As I promised in my Tuesday post, today I’ll show you how easy it is to assemble the rows for the zigzag (or streak of lightning) set. A couple of things to keep in mind before you begin:
You can make either an odd or even number of rows for this set. I typically prefer an odd number, but I’ve been known to make an exception.
To stabilize the rows–that is, to avoid stretching and distorting as you stitch and press them–you’ll want the straight-grain edges of the setting triangles to fall on the row’s outer edges. For this reason, you’ll use quarter-square triangles to fill in the side, top, and bottom edges of the even-numbered rows, and also to fill in the side edges of the odd-numbered rows.
You’ll use half-square triangles to fill in the top and bottom edges of the odd-numbered rows.
Because the alternating rows are staggered, and also because of the way you’ll cut the pieces, you’ll want to avoid stripes, plaids, and other directional prints for the setting triangles in the zigzag set. Although I love the fabrics on the left in the photo below, they’re not the ones I would choose here. The subtle, random, and tone-on-tone prints on the right are much better choices.
If you like the 6″ (finished) Churn Dash block that I’ve used for the samples in this post, you’ll find a bonus tutorial in the Pattern Library. This “bonus” includes the cutting and assembly instructions for the block, as well as the size squares you’ll need to cut for the quarter- and half-square triangles that will finish the rows for this or any 6″ pattern. If you’re really curious, the tutorial also tells you how I figured the sizes of those squares so you can set any size block in a zigzag set.
Now for the row assembly!
1. Turn the blocks on point with corners touching to make a vertical row. Fill in the sides, top, and bottom with quarter-square setting triangles.
2. Sew each block between two setting triangles as shown; press the seams toward the triangles. Repeat for all the blocks in the row.
3. Sew the units together; press.
4. Sew 2 quarter-square triangles together along their short edges as shown; press. Make 2 and sew them to first and last blocks to finish the row; press.

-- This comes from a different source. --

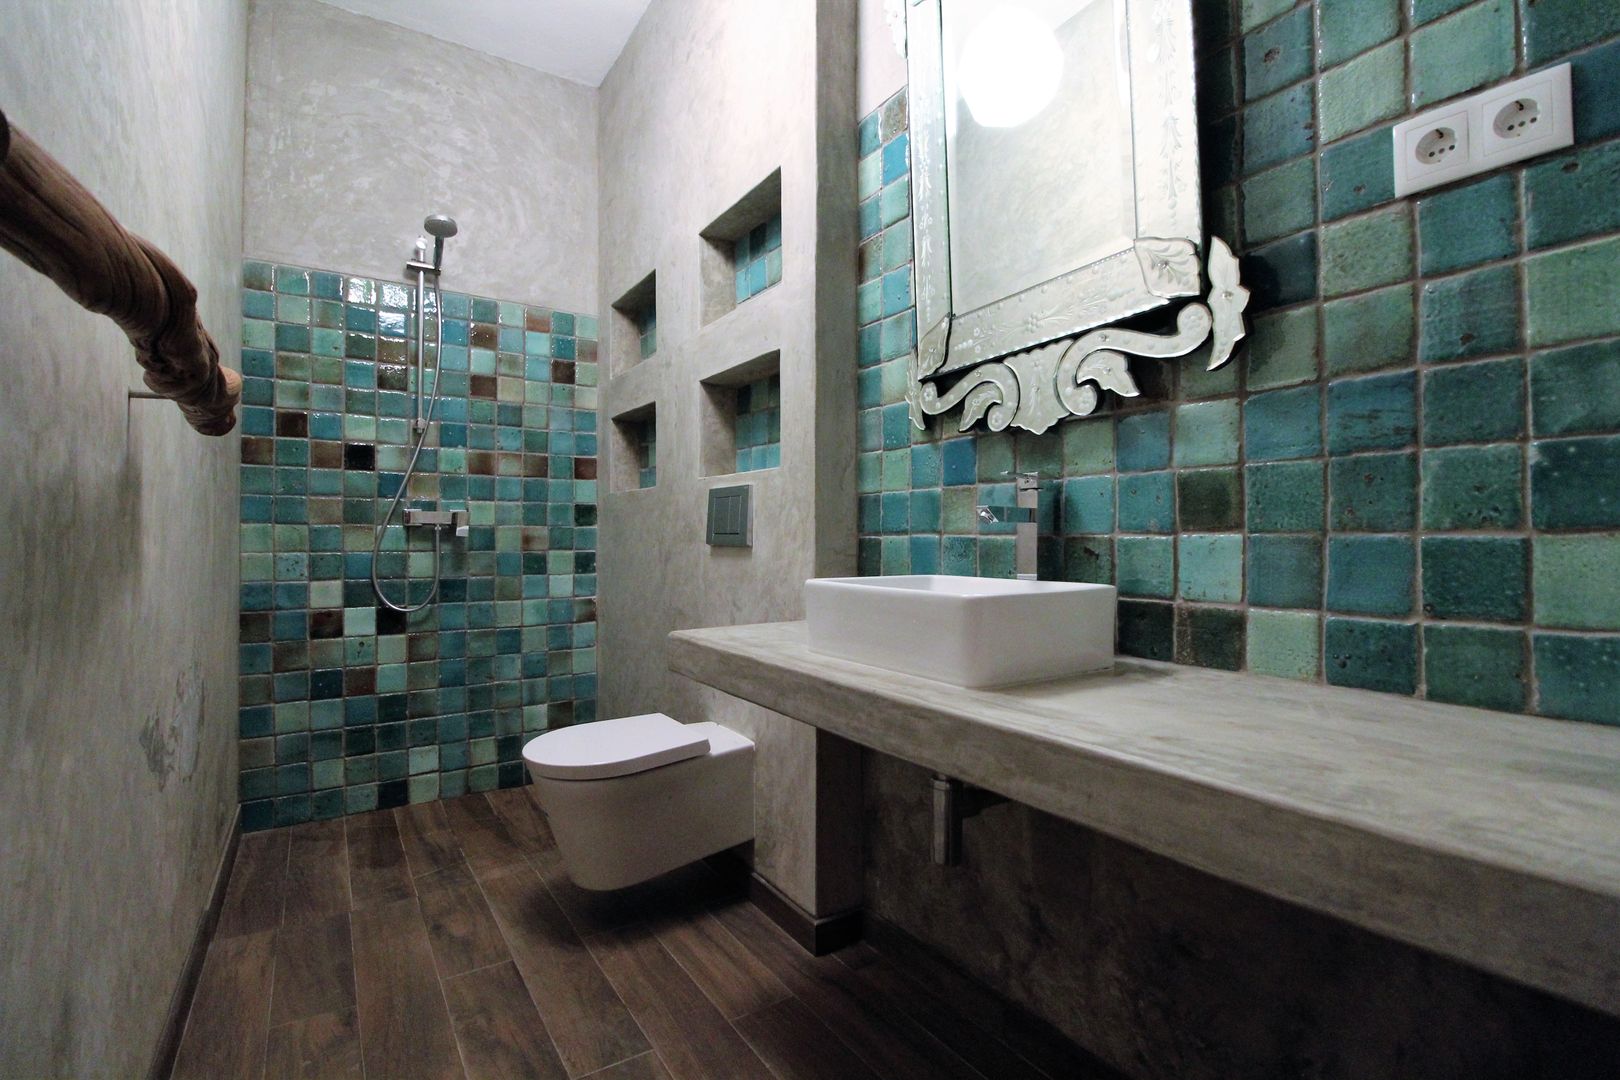 Casa de banho em microcimento e azulejo feito à mão. Atelier Ana Leonor Rocha Banheiros mediterrâneos

1. Turn the blocks on point with corners touching to make a vertical row. Fill in the sides with quarter-square setting triangles. Fill in the top and bottom edges with half-square setting triangles.
2. Sew each block between two setting triangles; press the seams toward the triangles. Repeat for all the blocks in the row. (Note: For first and last blocks you’ll be sewing one half- and one quarter-setting triangle to the block.)
3. Sew the units together; press. Sew the remaining half-square triangles to the first and last blocks to finish the row; press.
Once you’ve made the desired number of rows, it’s time to sew them together.
Joining the Rows:
1. Use an erasable marker or pin to mark the midpoint of each (side) quarter-square triangle.
2. With right sides together, carefully pin rows 1 and 2 together. Start by matching the ends, and then the corners of the blocks with the marks or pins that you placed in the adjacent row. Add more pins as desired.
3. Sew the rows together. (I like to sew this long seam using a machine-basting stitch; once I’m sure that I’ve made all my matches and haven’t lost any points, I restitch using my regular stitch length of approximately 12 – 14 stitches per inch.) Press the seams open between the rows to distribute bulk.
4. Repeat steps 2 and 3 to sew the remaining odd- and even-numbered rows together in pairs; press.
5. Sew the pairs together; press. If applicable, add the last odd-numbered row; press.
Yippee! You’ve done it!
Note: I have big plans for the Churn Dash quilt you see in progress here. Later next month, I’ll be heading to the foothills with my friends, Alex Anderson and Joen Wolfrom, for our annual getaway. I plan to bring the rows along, assemble them, and add a nice, scrappy, pieced border. I promise to show you a photo of the finished top when I return.